Tracking community outreach and engagement activities among National Cancer Institute-designated cancer centers

Todd Burus 1,, Caree R McAfee 2, Pamela C Hull 3,4, Amy E Leader 5, Christopher McNair 6
PMCID: PMC11807429  PMID: 39312690

Abstract

The National Cancer Institute’s (NCI) Cancer Center Support Grant mandates that NCI-designated cancer centers establish a Community Outreach and Engagement (COE) component to help direct efforts at reducing cancer burden within their catchment areas. Despite the critical role of COE offices, little is known about how they track and evaluate outreach activities and outcomes. We gathered information on current practices from representatives of 40 out of 65 COE offices using an online survey.
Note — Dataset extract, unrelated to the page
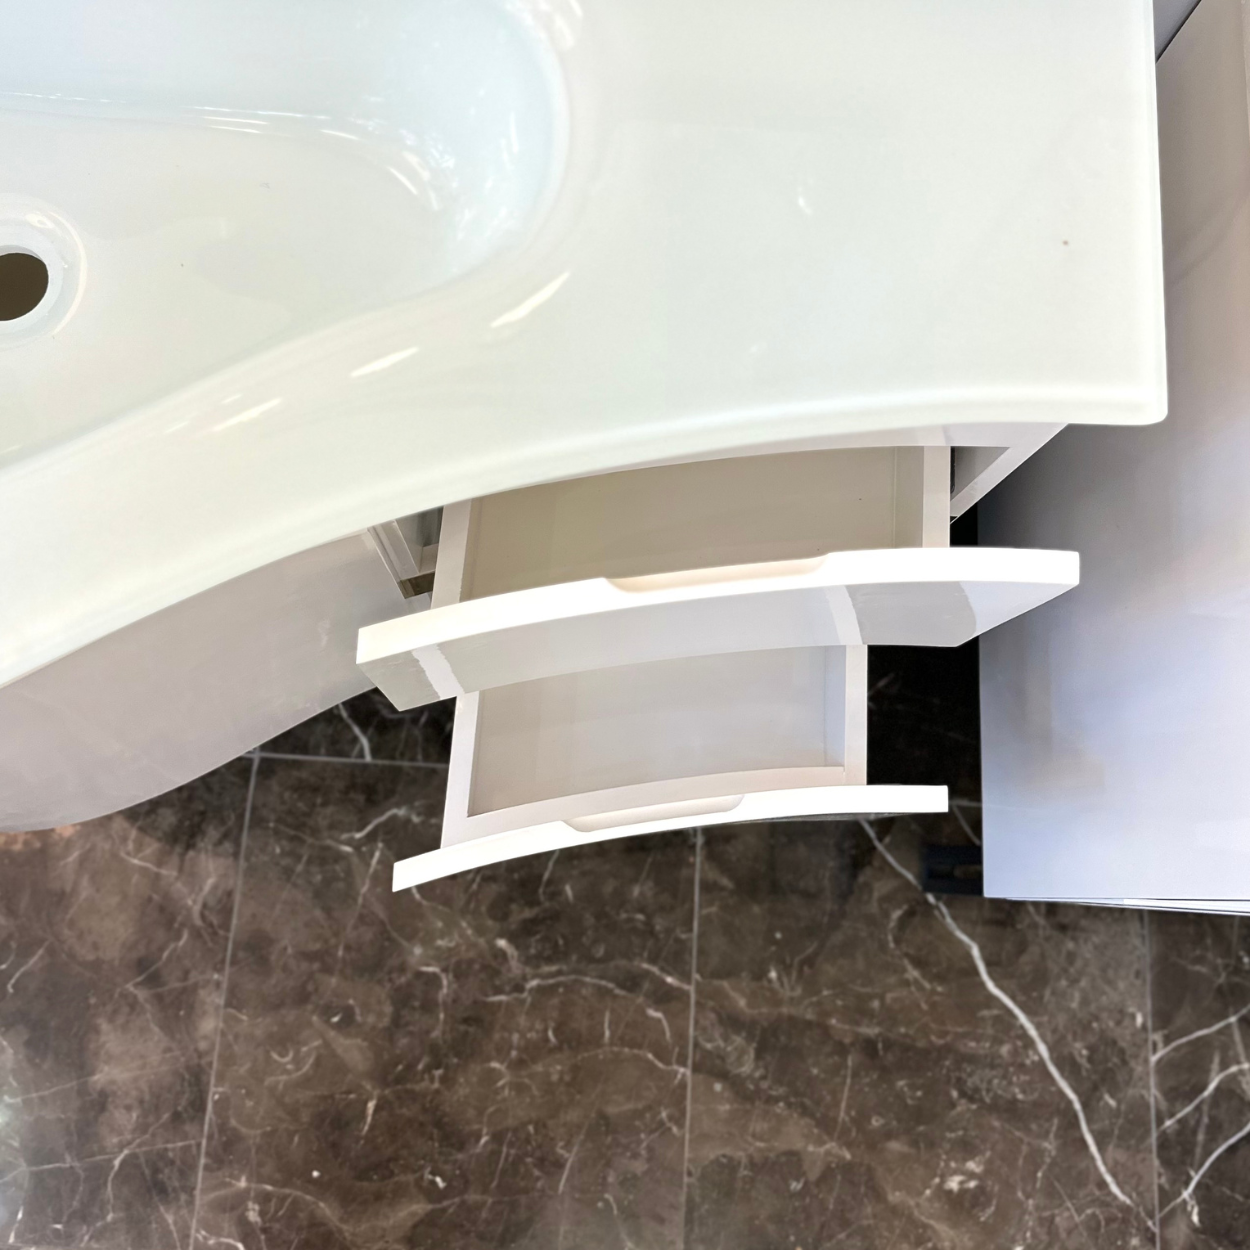 36'' Santorini white with gold bathroom vanity

Although nearly all responding centers (97.5%) tracked COE activities, no consensus existed on resources used, and satisfaction with current solutions was mixed (51.0% not satisfied). Respondents expressed need for a centralized, standardized, and comprehensive tracking solution to capture outreach events and external partnerships, automate report generation, and ensure alignment with COE aims. This study highlights challenges COE offices face with resource limitations and a heterogeneity of activities to track, as well as the need for a standard evaluation framework.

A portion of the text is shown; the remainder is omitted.